Estoy con la Banda, part 2

Victoria Villalobos, singing at La Casa de Pepe Villalobos, Lima, Peru

It has been a mighty busy week, what with 16 fans of the Afro-Peruvian Sextet tagging along as they tour Peru. We’ve been to El Carmen, a little town that suffered during the earthquake of 2007, and watched an outdoor performance there. We’ve gone to the high altitude town of Cusco (11,000 ft), catching our breath and seeing a performance by the sextet as well as an indigenous band, went to Machu Picchu and returned to Lima, where the sextet performed last night and will do two final performances tonight.
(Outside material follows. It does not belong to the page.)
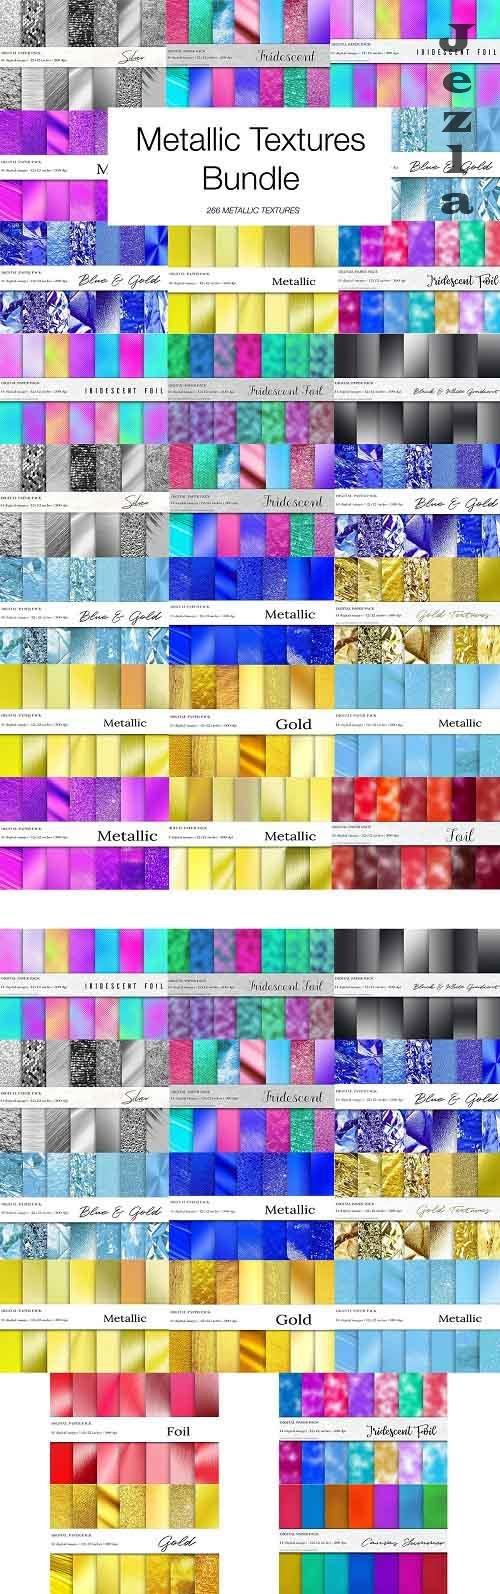 266 Metallic Textures Bundle - 4964246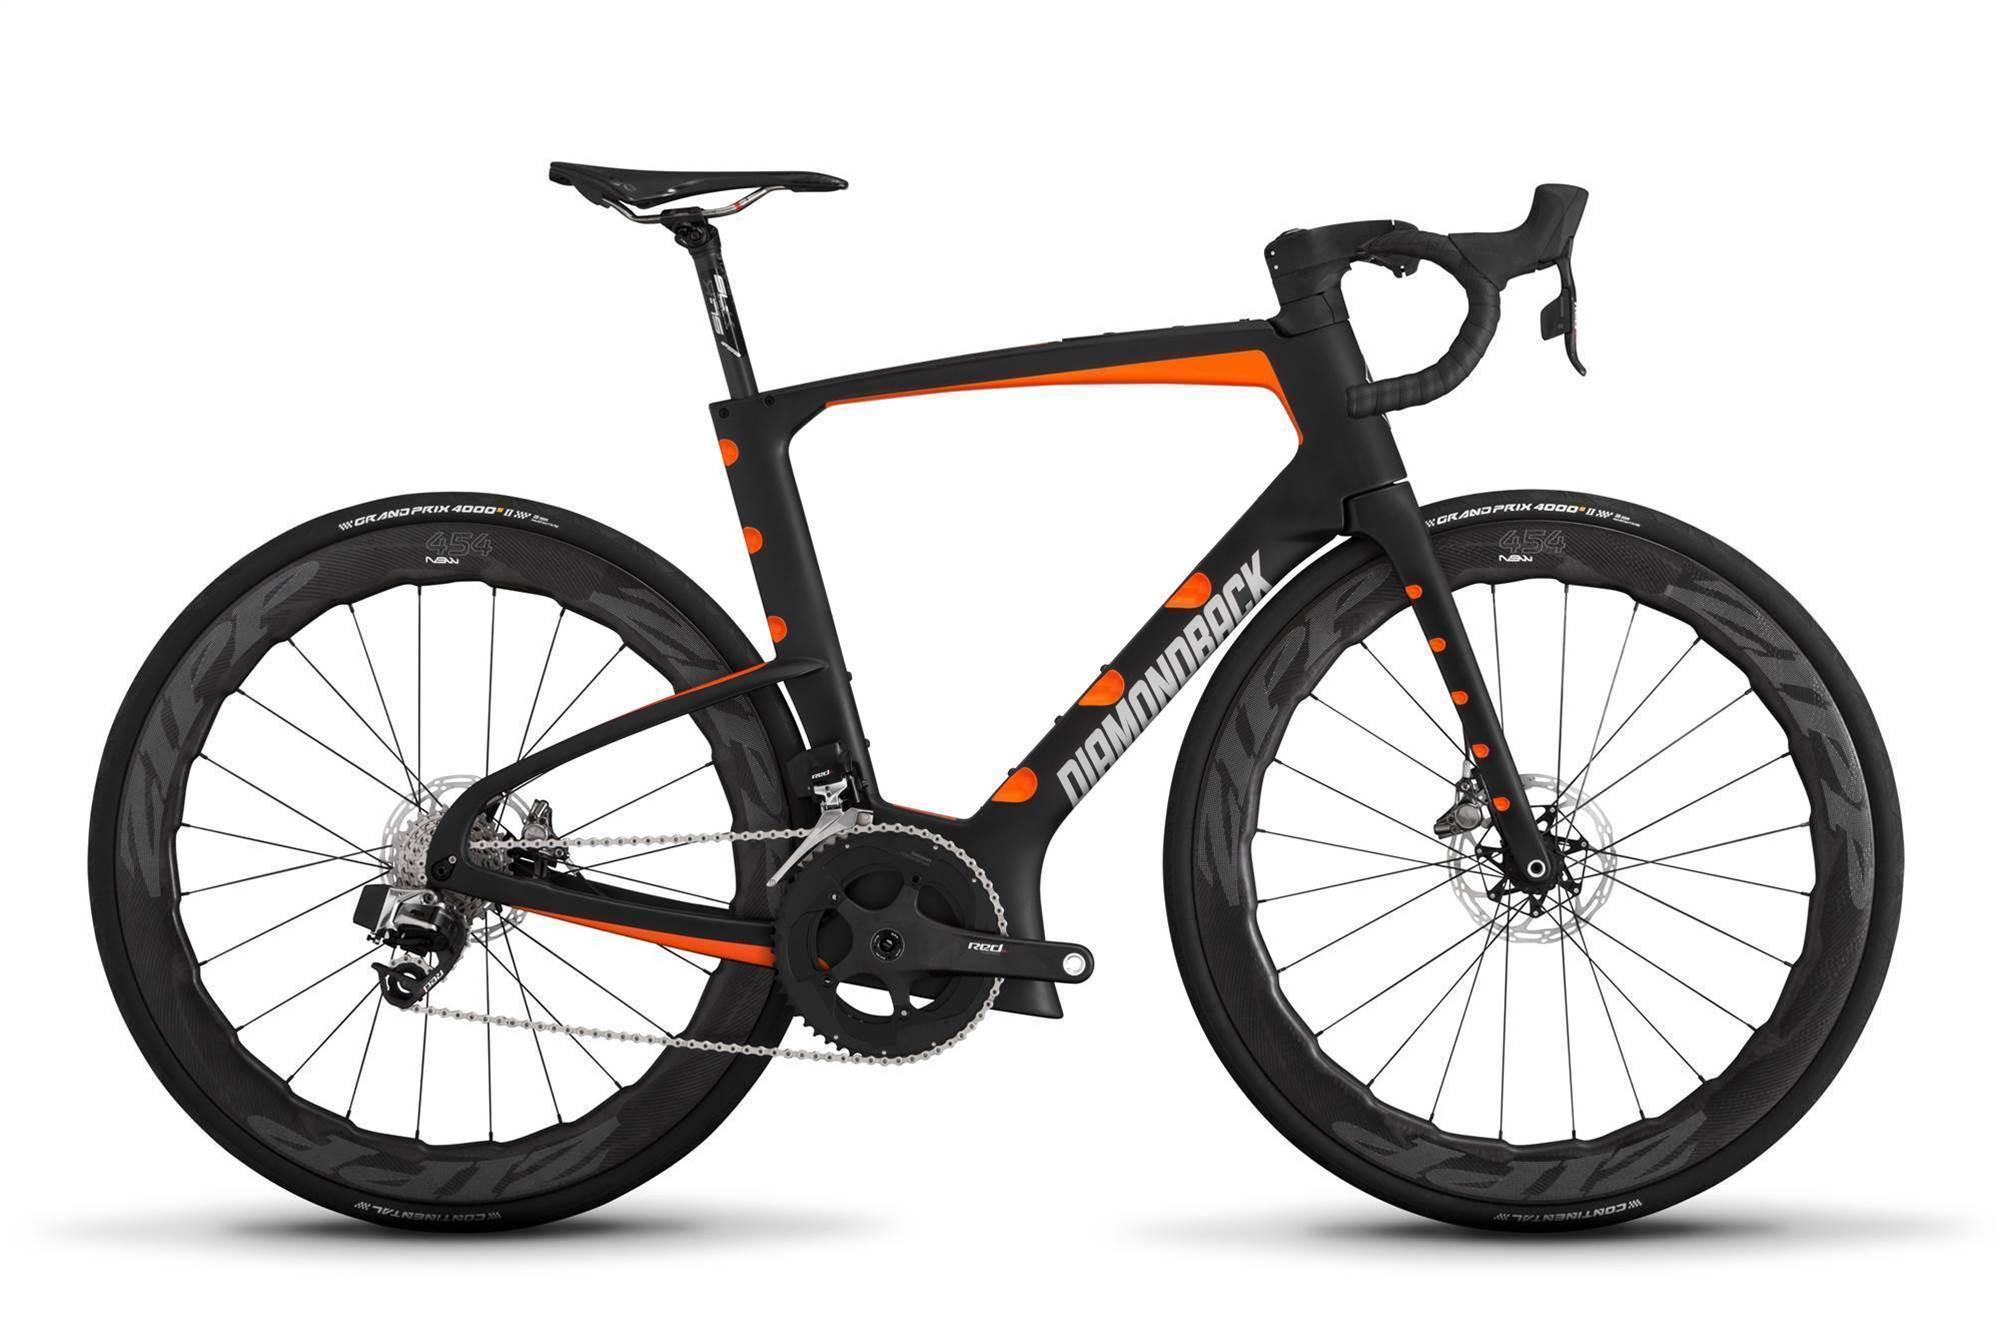 FIRST LOOK: Diamondback's new IO Aero road bike

I’ll have more to say in another post about the week.

Today, after our troupe of fans and band members spent a free morning in various pursuits (I was looking for a Panama hat), we went to an afternoon Peña at La Casa de Pepe Villalobos in Lima. Located in a narrow side street in a neighborhood of warehouses and graffiti filled walls, the Peña is actually held in a home. What appears to have been a closet serves as a kitchen, and two rooms, with white walls, wooden tables, historic photos, and paper maché decorations serve as the music/dance area. Two musicians sat in front of a large photo and played guitar and cajón. Their singing was gorgeous, full of sonorous harmonies. Owner Pepe Villalobos, a noted musician himself, would occasionally join them to sing and play the jawbone of an ass, using a comb.  I was thoroughly enjoying myself.

Then his daughter Victoria Villalobos got up to sing, and I experienced something extraordinary. I was moved to tears. Really. Though I didn’t understand the words, her voice, her emotion, and the melody was such that my chest was heaving and I found myself wiping tears from my eyes. I’ve heard of others having such an experience, but it’s never happened to me. I was dumbfounded, perplexed, unable to speak.

It’s something we should all experience at least once in our lives.